And Then There Were Two

OMG! Wow! Are you serious! You’re so lucky!  These were the reactions we would get every time we mentioned to someone that we were expecting twins. We had not told anybody about my twin pregnancy until I was around 30 weeks pregnant. We made the announcement during my baby shower hence we had some amazing reactions from everyone attending.

When we found out that we were expecting fraternal twins it was the most shocking and surreal experience ever. I still remember when my husband and I had gone for my first ultrasound, the nurse took the vitals twice and we were wondering why she did that. So, I just innocently asked her the same and as she thought I was already informed about having twins she very casually informed me “well because you have two!”

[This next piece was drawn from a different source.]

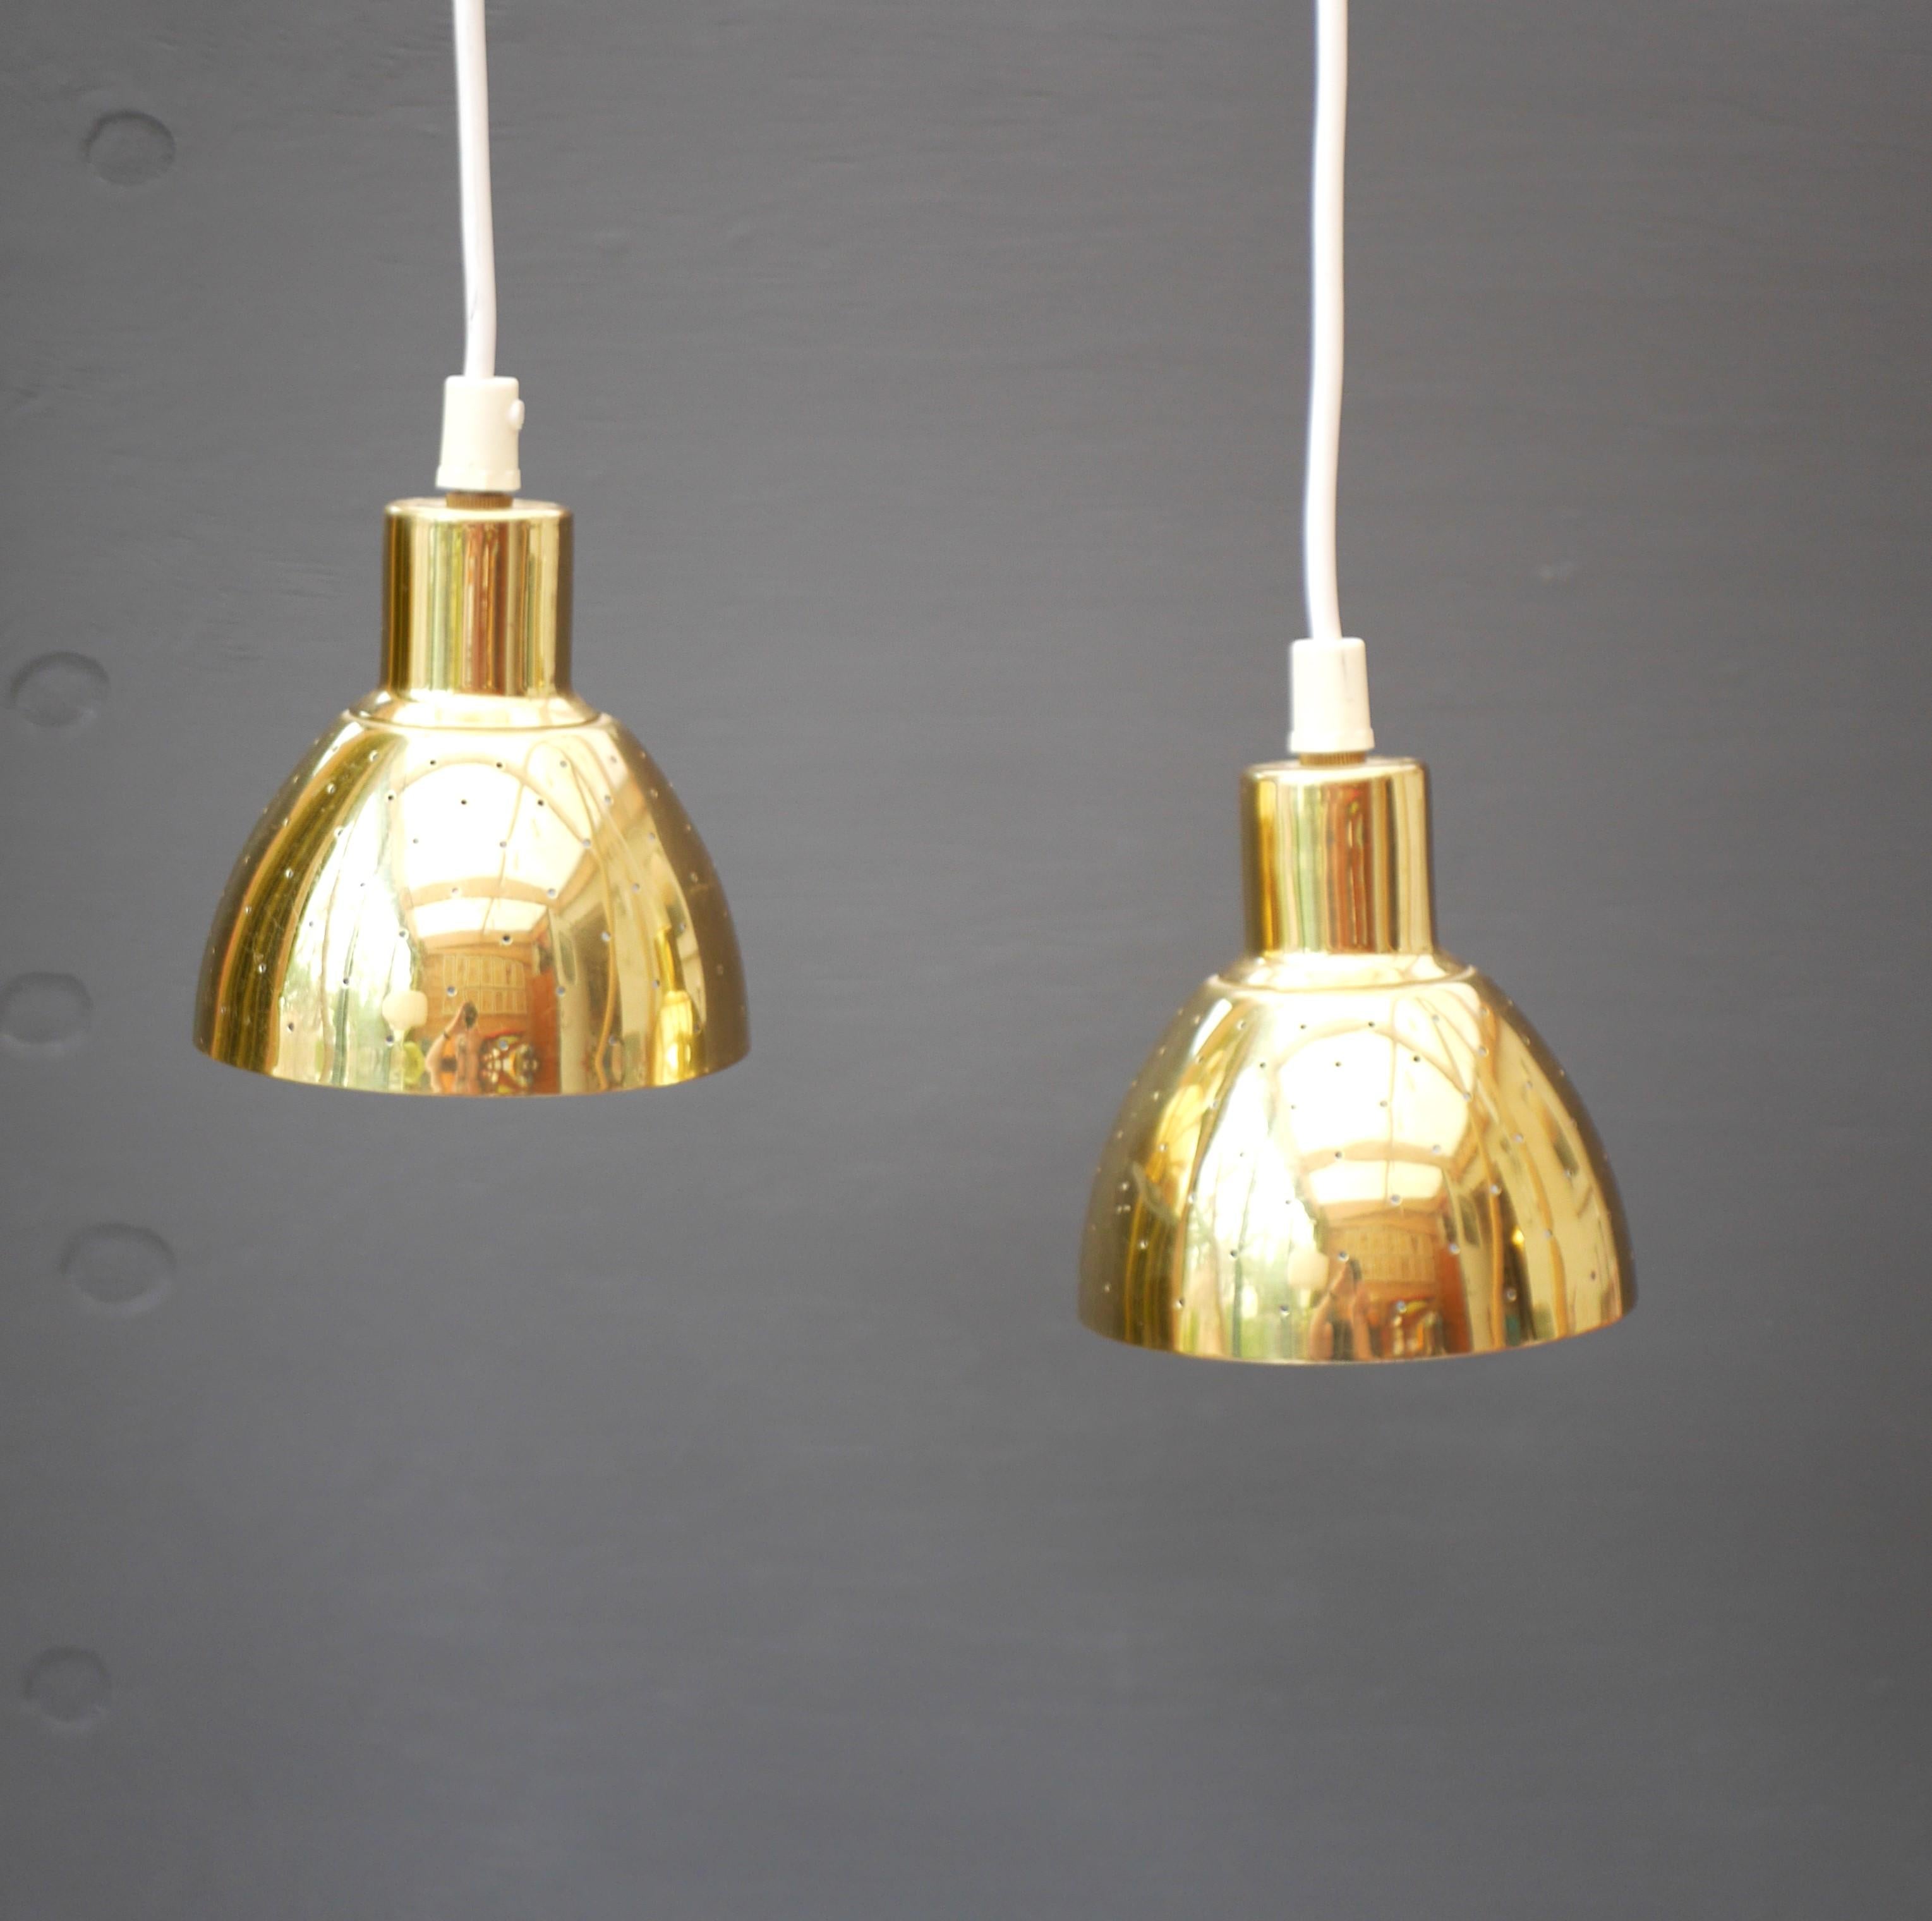 Ces petites lampes ont été conçues par le talentueux designer suédois Hans-Agne Agnes pour Markaryd dans les années 1960, tout en conservant un caractère contemporain. Le laiton perforé permettra à la lumière de filtrer à travers en faisant jouer la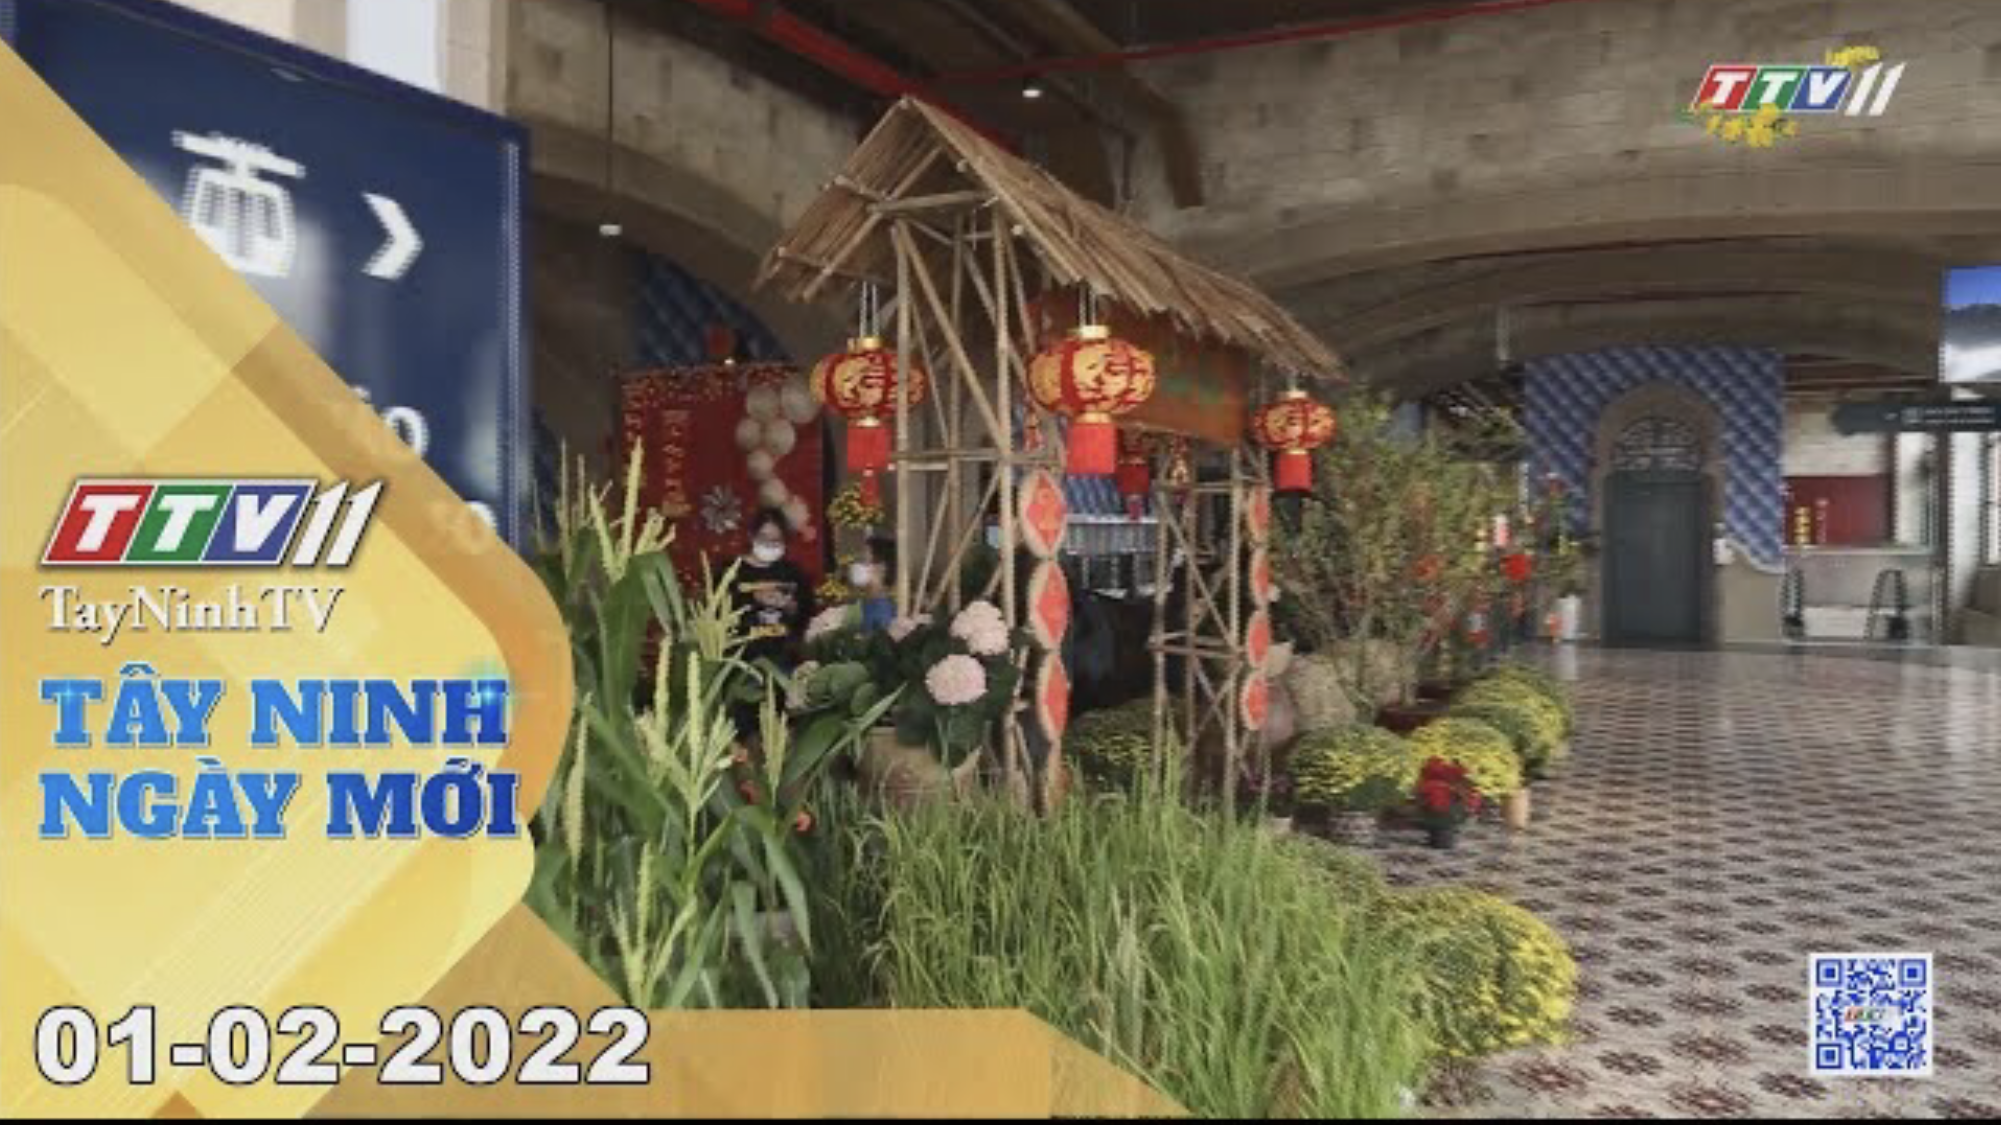 TÂY NINH NGÀY MỚI 01/02/2022 | Tin tức hôm nay | TayNinhTV

We were so shocked as that was the last thing on our minds. I never expected or even suspected that I would be carrying two babies. When we left the clinic I just burst out crying and I still don’t know why, I guess it was too much to take in. And then later on I couldn’t stop laughing. Too many emotions at once! I found myself feeling completely frightened, stressed and overwhelmed with the thought of how my body would cope with a twin pregnancy, hoping to carry them to term or alteast closest to what would be healthy for them.

I tried not to worry myself too much by reading about all the complications that come with twin pregnancies. Despite all my fears of carrying and birthing twins I had the most beautiful experience being pregnant. I carried my boys almost full term until 36.5 weeks and had a normal delivery thanks to my amazing doctor. My beautiful twin boys were born on January 31, 2015. It truly was one of the best days of my life. It just felt so amazing to be carrying these two tiny little beauties in my arms. Through out my pregnancy I would always wonder what it would feel like when they were born, what would they look like, how would I manage them so many endless thoughts. But at that moment when I actually had them in my arms none of these thoughts came to me. The only thing that mattered was that they perfectly healthy.

When you are pregnant you will get all kinds of advice’s from people from different walks of life.  You’ll have people telling you not to walk a certain way or not to sit like this or not to dance or exercise or to eat certain food to make your baby fair or have less hair! Yes, trust me I got it all! But I have one advice to all you beautiful moms to be, please don’t worry yourselves too much with this entire information overload. You know what is best for you and your body. If you have any doubt please consult your doctor and not the internet. That was what I did, I would never worry myself and just went with the flow and I had a beautiful experience. Just enjoy this journey, as you will truly miss it once you have your baby.

Now two years down, all of that feels like a lifetime ago. Now when someone questions me about how I manage with 2 toddlers of the same age when they are going crazy with one, my normal response is “I don’t know what it feels like to have one”

As they say “It’s double the giggle & double the grins, and double the trouble if you’re blessed with twins”.

I would love to hear from all you twin moms out there. What was your reaction when you first found out that you were expecting twins???